やっぱり三日坊主

フルート、あみもの、ときどき山登り。

ラ・カンパネラ

 母が好きだった曲です。

私も母のレコードを聴いて好きになりました。
あんまり大好きで、数年前にこんなCD買いましたが、あまり好きな演奏はなかったです。

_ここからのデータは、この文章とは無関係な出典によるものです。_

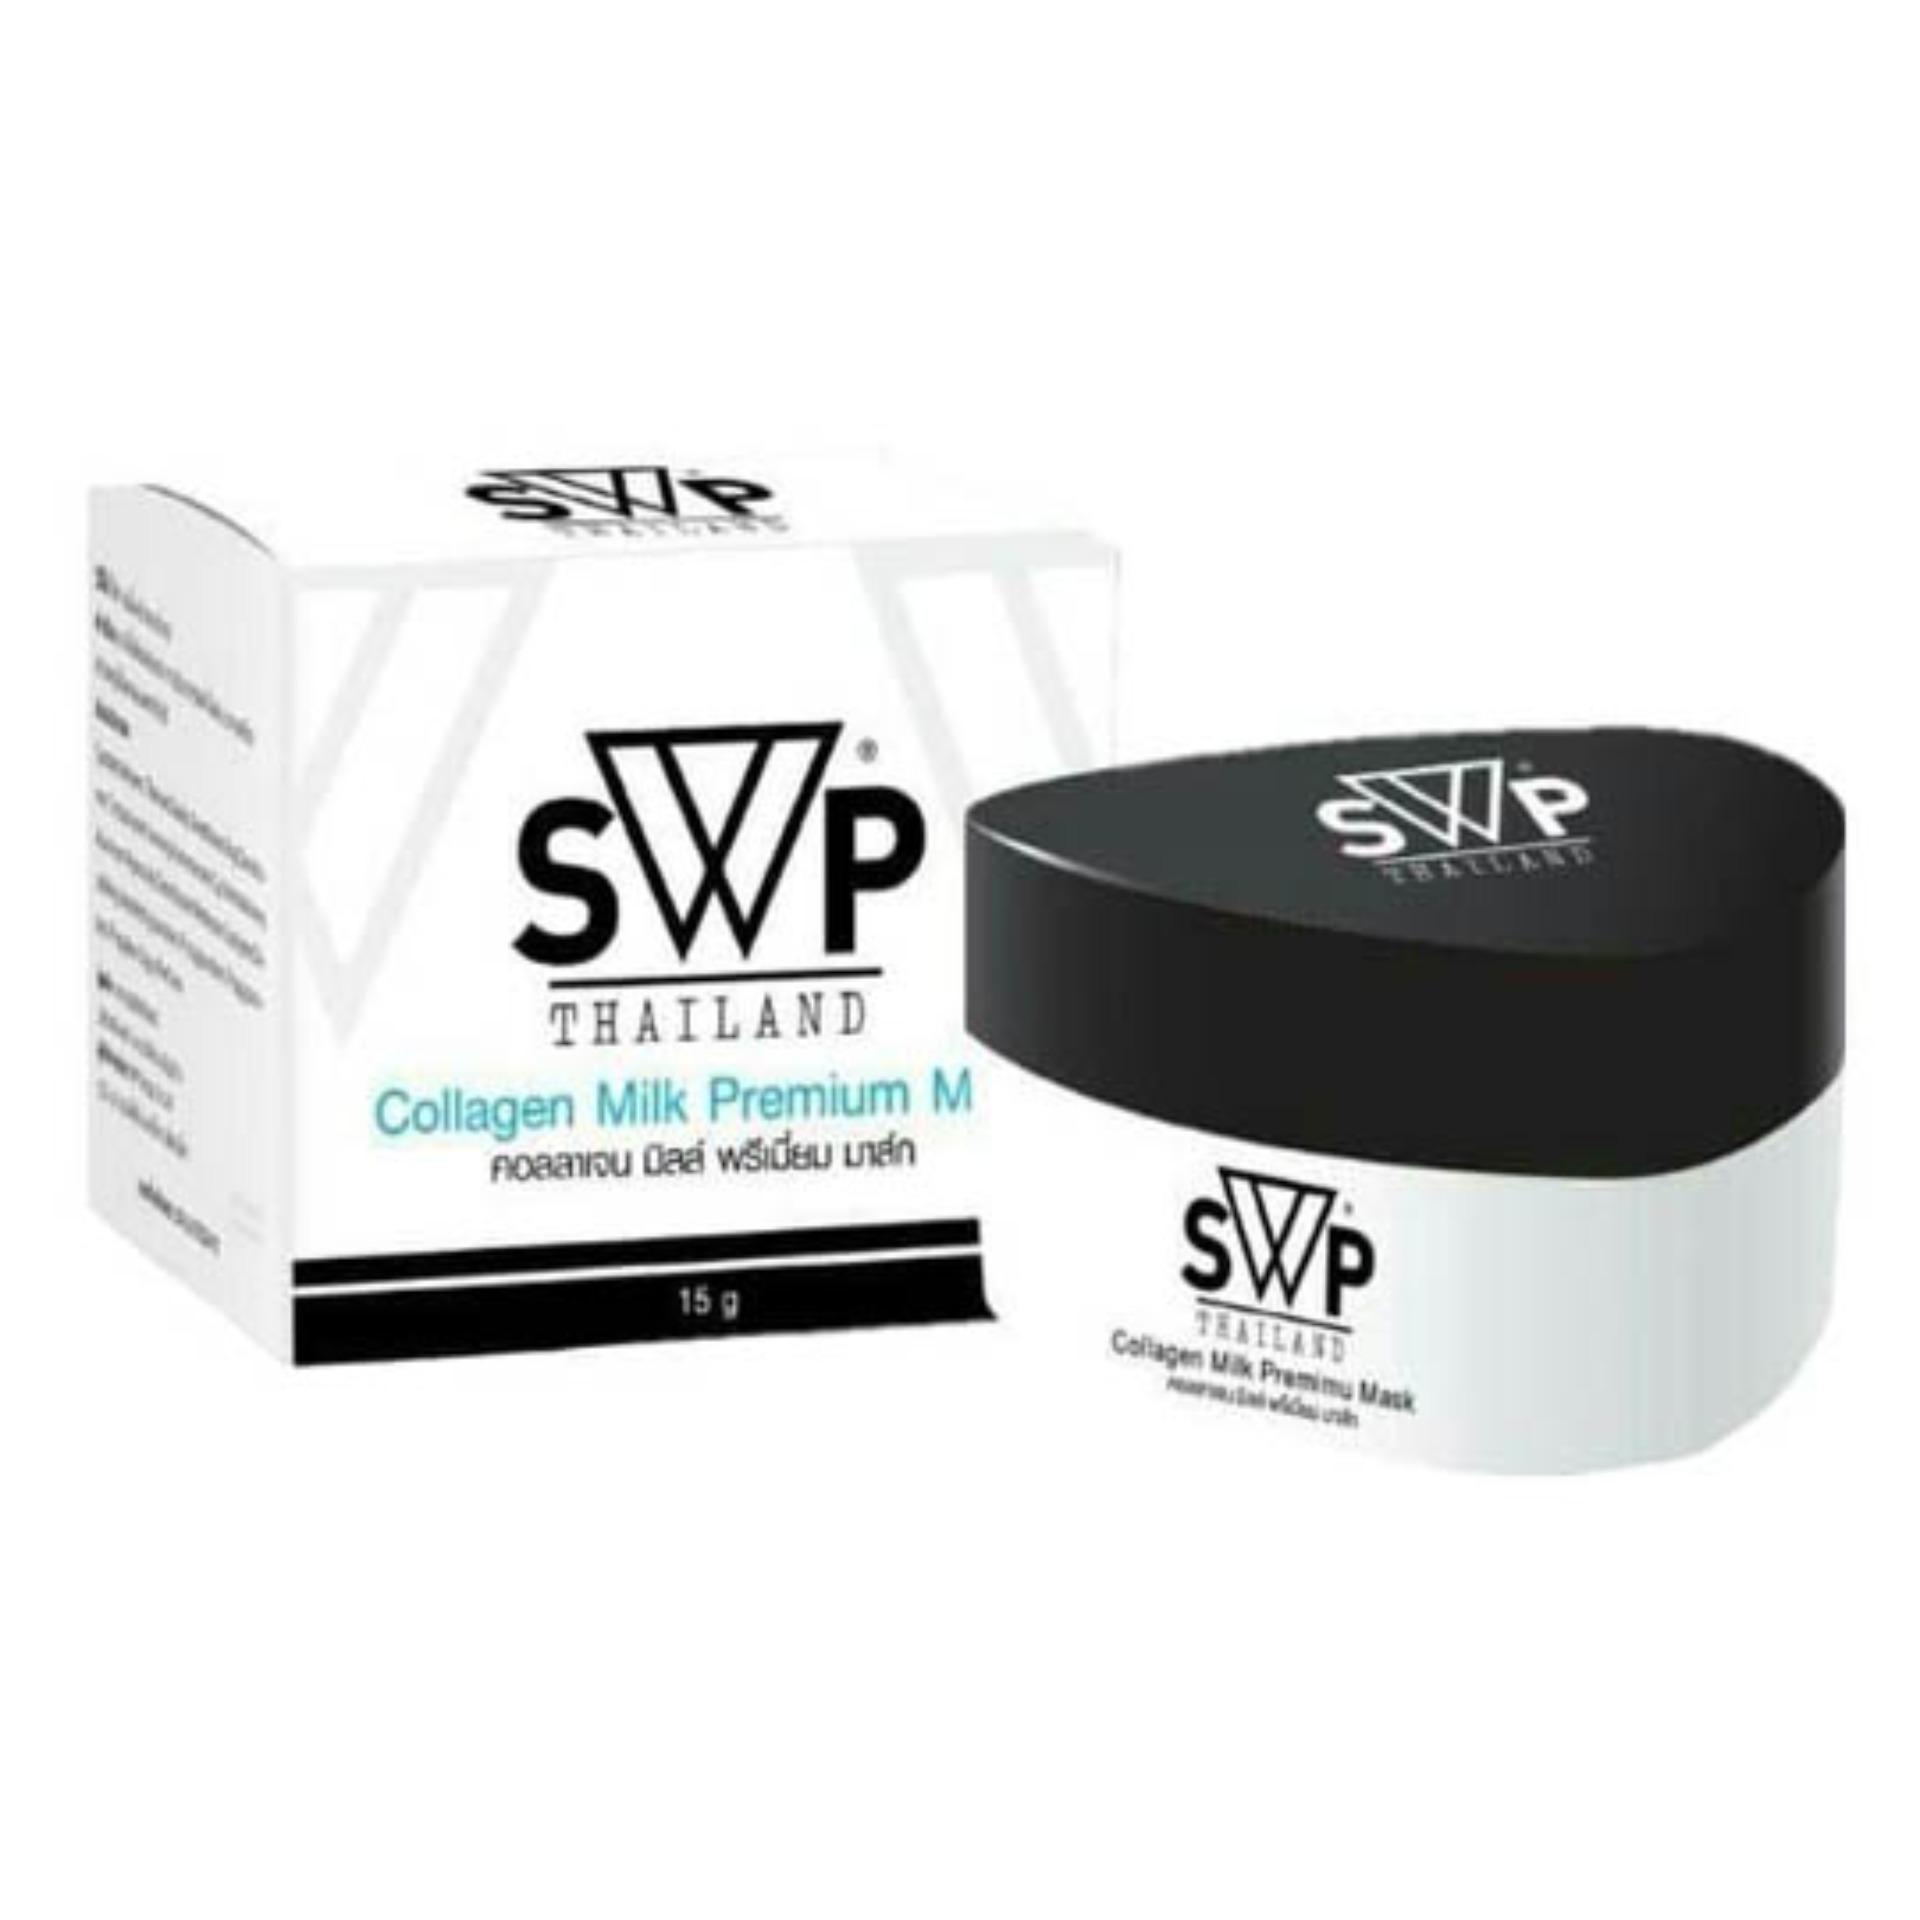 SWP Beauty House Collagen Milk Premium sleeping Mask swp mask มาร์คswp มาร์คหน้าน้ำนม บำรุงผิวช่วงเวลานอนหลับ 15g (1 ชิ้น)

ラ・カンパネラといえば、フジコ・ヘミングが有名ですね。
私はこの演奏を持っていますが、鬼気迫る迫力がありました。
ただ、技巧の拙さが邪魔してその迫力がこちらにダイレクトに伝わらない
もどかしさは感じました。
とはいっても、技巧の拙さを超える何かがあるからこそ、あれだけ多くの人に支持を
受けるんでしょうね。

最近有名になった辻井信行の演奏も聴きました。
瑞々しい演奏です。
フジコ・ヘミングのような迫力ある演奏というのとは少し違いますが、切なくて甘美な、
そんな印象を受けました。
20歳の今だからできる演奏なのかな、とも思いました。
あと、音の粒が際立っていますね。

ただ、やっぱりナンバーワンは母の持っていたレコードです。
母が持っていたから、ということを差し引いても甘い、切ない始まりから、最後の
ピアノが壊れてしまうかのような、破滅に向かっていくような終わり方、久しぶりに
聴いてぞくぞくしました。
このレコードはゲイリー・グラフマン演奏のもので、ネットで検索してみましたが、ぜんぜん
ひっかかりません。世間的には名演じゃなかったのかもしれません。
レコード自体古いし…。

母が好きだったから棺にレコードごと入れようとしたんですが、葬儀屋の人に「燃える
ものだけにしてください」って言われて渋々ジャケットだけ納めたのですが、今になって
レコード取っといてよかった~って思いました。